Birmingham’s collegiate sports addiction
(Note: This blog entry was submitted by UAB history undergrad Keith DePew, who finished an internship with the Birmingham History Center last week. DePew, 22, from Trussville, is a second baseman for the UAB Blazers baseball team and will graduate this year with a degree in secondary education, with plans to teach high school history. He sifted through several sports collections during his internship, including one with artifacts from the long-gone Birmingham Bulls.)
While working an internship for the Birmingham History Center, I began to run across Birmingham Bulls hockey artifacts. These items included trading cards, attire, and hockey sticks. I even saw a jersey that I used to own as a kid. Growing up in Birmingham, I can remember going to games with my dad and wearing that same jersey and laughing at the uproarious fans rooting for the Bulls.
As I continued to find Bulls memorabilia, I wondered why the team was no longer in Birmingham, which led me to question why hockey and other new professional sports in Birmingham have had so much trouble staying in the city. As I see it, Birmingham is just too focused on college athletics. The story of the Bulls hockey team provides a better understanding of the city’s condition.
Hockey once flourished in a city that was lucky to see snow in two months out of the year. The Birmingham Bulls of the East Coast Hockey League had major success in Birmingham following its inaugural season in 1992. According to The Birmingham News writer Clyde Bolton, hockey was thriving in the Magic City.
Each game, thousands of hockey-loving fans turned out at the Birmingham Jefferson Civic Center to support their Bulls. In fact, opening season for the Bulls ranked among the top four in league attendance, averaging 7,500 fans per game. Sports enthusiasts were apparently excited to watch a game that they knew little about–Bolton even referenced some fans calling the hockey puck a ball.
The initial support of the team left people of Birmingham thinking the sport would last. By the turn of the century, however, things began to change. Like all sports, winning is a big factor in local support. The Bulls posted a losing record in both the ‘99-’00 and ‘00-’01 seasons, resulting in poor attendance. The News reported that attendance had dropped to less than 2,600 fans at the conclusion of the ‘00-’01 season and by the summer of 2001, the team was moved to New Jersey. Birmingham no longer hosted Bulls hockey.
The quick tenure of the Birmingham Bulls helped me to understand why the city has trouble holding new professional teams. Although there was a short burst of excitement over hockey, Birmingham is too much of a college sports city and cannot sustain any new professional teams. The type of sport has nothing to do with a team lasting. The Birmingham Bolts of the XFL proved that professional football could not survive in the city. Along with this, losing has relatively little to do with keeping a team. Professional teams all around the country lose games but continue to stay in their cities. Like Kevin Scarbinsky of The News stated about Birmingham, “…(we) lose teams the way other cities lose games.”

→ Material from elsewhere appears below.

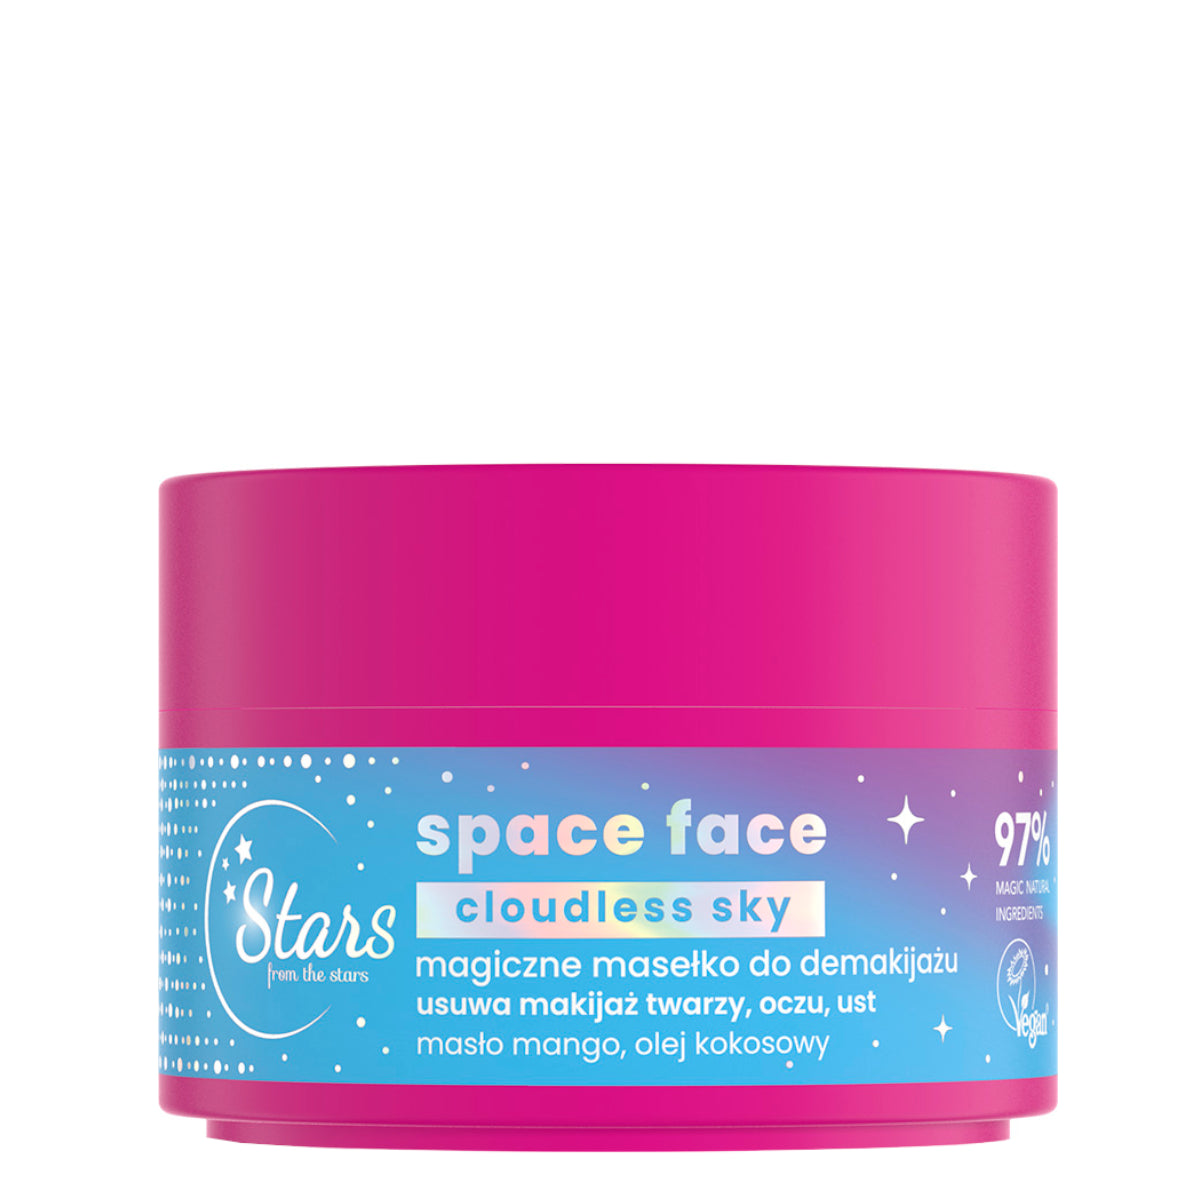 Stars Space Face Cloudless Sky Magic Makeup Remover Butter

Ultimately, Birmingham is so focused on college sports that a professional team cannot be supported. Collegiate athletics are just too important.
There is one team, however, that seems to be immune to the sickness of professional Birmingham sports. The Birmingham Barons baseball team has survived over 100 years in Birmingham. They originally played at Rickwood Field and then later at Regions Park in Hoover. The team is now moving to a new home in downtown Birmingham in 2013.
The fact that the Barons have been a part of the city for so long is the reason they are still surviving today. If baseball were introduced in the last thirty years, it is likely that the team would have failed. However, the Barons were on the scene before college athletics infiltrated the city and have therefore endured. Hopefully their new stadium in the heart of the Magic City will continue to keep the Barons off the list of Birmingham’s unsuccessful sports teams.